StatsBase.jl
StatsBase.jl copied to clipboard
Improve performance of unweighted `ecdf`
Fixes #964.
On the master branch:
julia> using StatsBase, BenchmarkTools
julia> x = randn(10_000_000);
julia> @benchmark ecdf($x)
BenchmarkTools.Trial: 7 samples with 1 evaluation per sample.
Range (min … max): 700.318 ms … 913.679 ms ┊ GC (min … max): 0.21% … 1.69%
Time (median): 714.015 ms ┊ GC (median): 0.21%
Time (mean ± σ): 750.870 ms ± 79.523 ms ┊ GC (mean ± σ): 2.37% ± 4.16%
█
█▁▁▇▁▁▁▇▁▁▁▁▁▁▁▁▁▁▁▁▁▁▁▁▁▁▁▇▁▁▁▁▁▁▁▁▁▁▁▁▁▁▁▁▁▁▁▁▁▁▁▁▁▁▁▁▁▁▁▁▇ ▁
700 ms Histogram: frequency by time 914 ms <
Memory estimate: 265.67 MiB, allocs estimate: 14.
With this PR:
julia> using StatsBase, BenchmarkTools
julia> x = randn(10_000_000);
julia> @benchmark ecdf($x)
BenchmarkTools.Trial: 34 samples with 1 evaluation per sample.
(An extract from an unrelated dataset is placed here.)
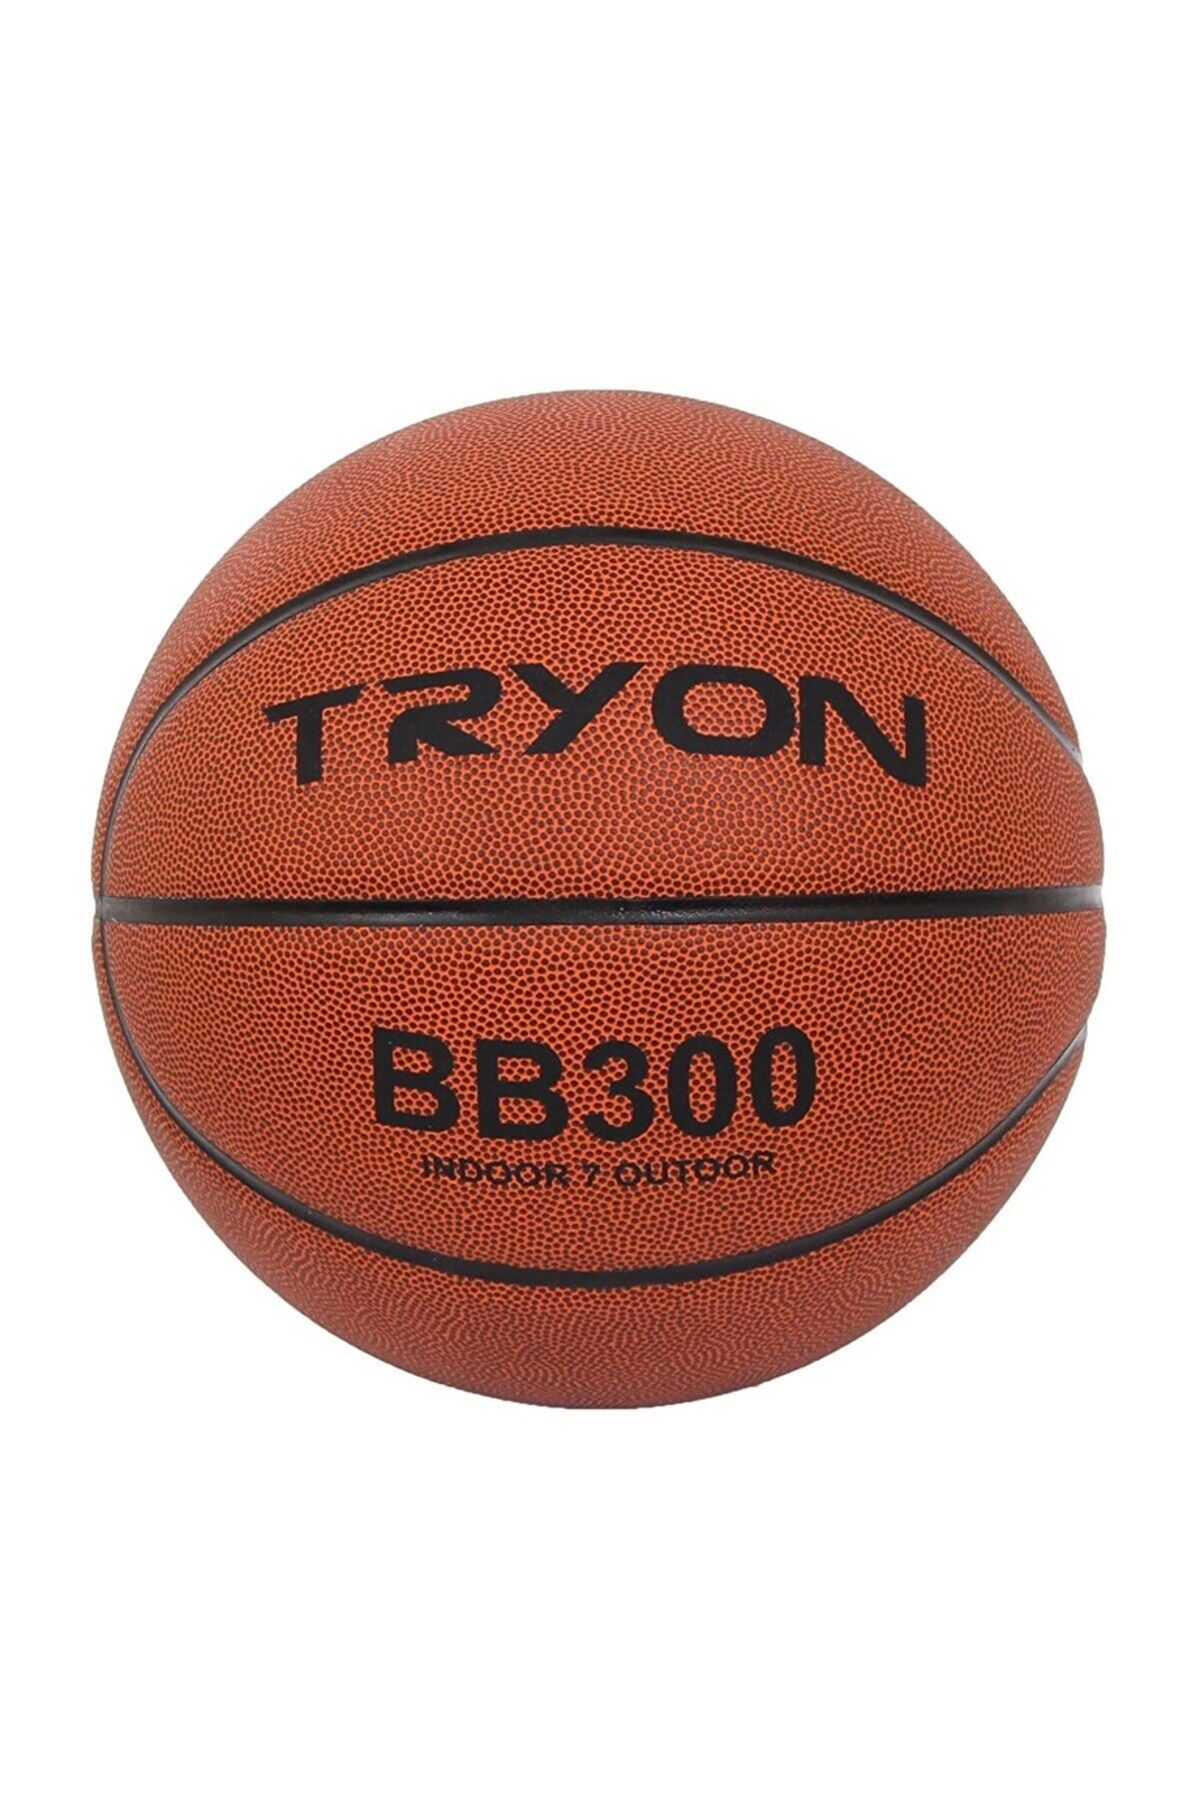 TRYON Basketbol Topu Bb300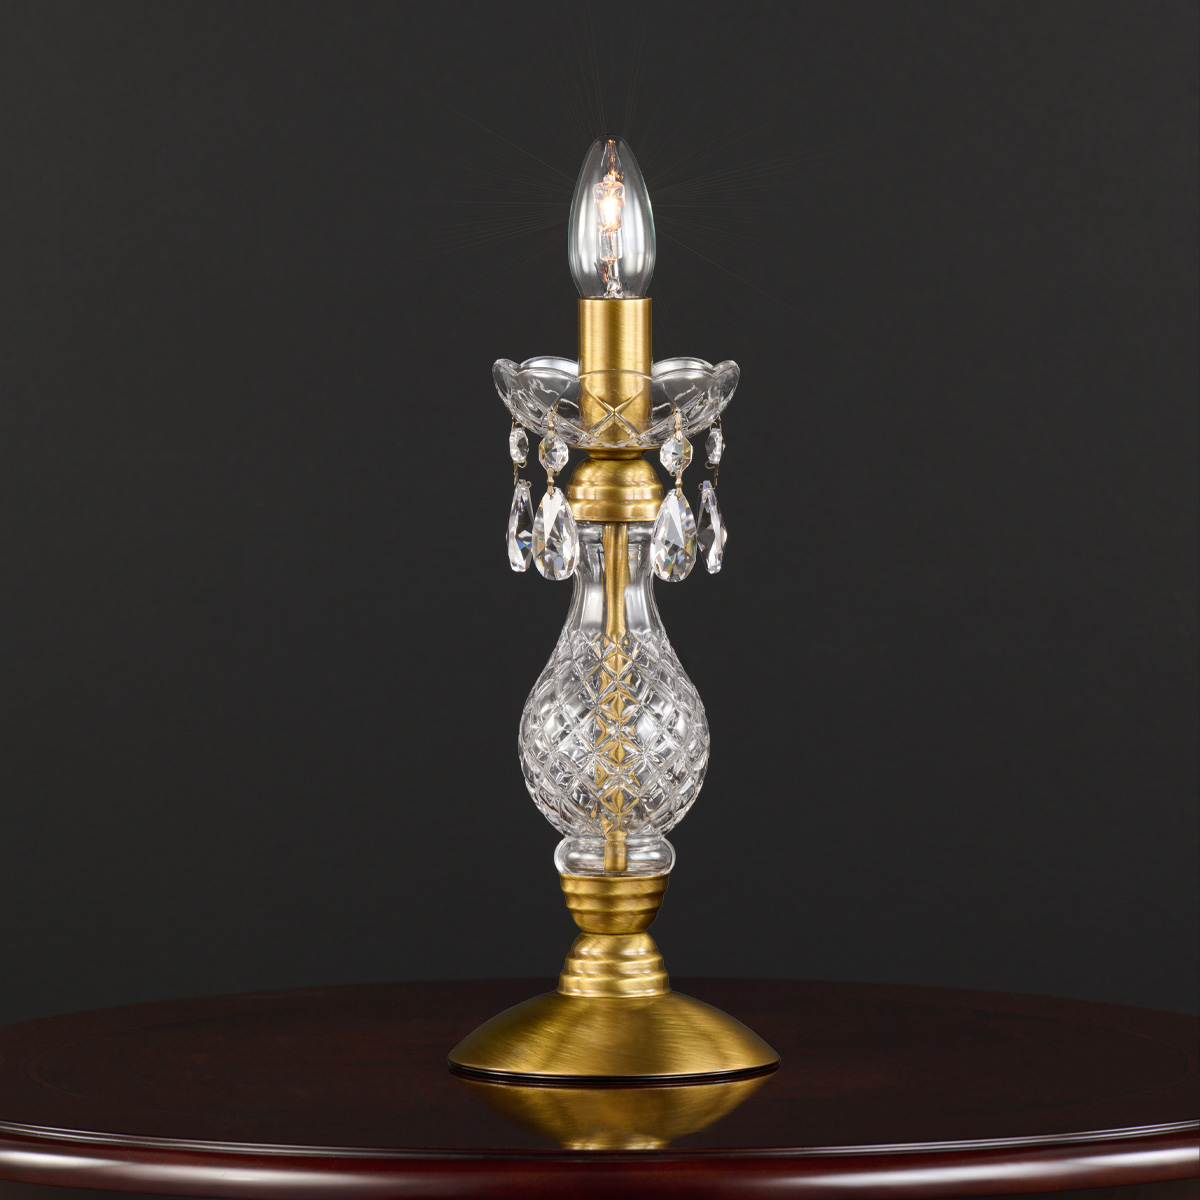 Οξειδωμένη ορειχάλκινη επιτραπέζια λάμπα ΒΕΡΓΙΝΑ oxidized brass table lamp with crystal accents

Range (min … max): 129.678 ms … 276.215 ms ┊ GC (min … max): 0.35% … 51.29%
Time (median): 131.480 ms ┊ GC (median): 0.69%
Time (mean ± σ): 147.635 ms ± 38.302 ms ┊ GC (mean ± σ): 9.64% ± 14.83%
█
██▅▁▇▇▁▁▁▁▁▁▁▁▁▁▁▁▁▁▁▁▁▁▁▅▁▁▁▁▁▁▁▁▁▁▁▁▁▁▁▁▅▅▁▁▅▁▁▁▁▁▁▁▁▁▁▁▁▁▅ ▁
130 ms Histogram: log(frequency) by time 276 ms <
Memory estimate: 189.36 MiB, allocs estimate: 16.
Failing tests are fixed by #966 and #967.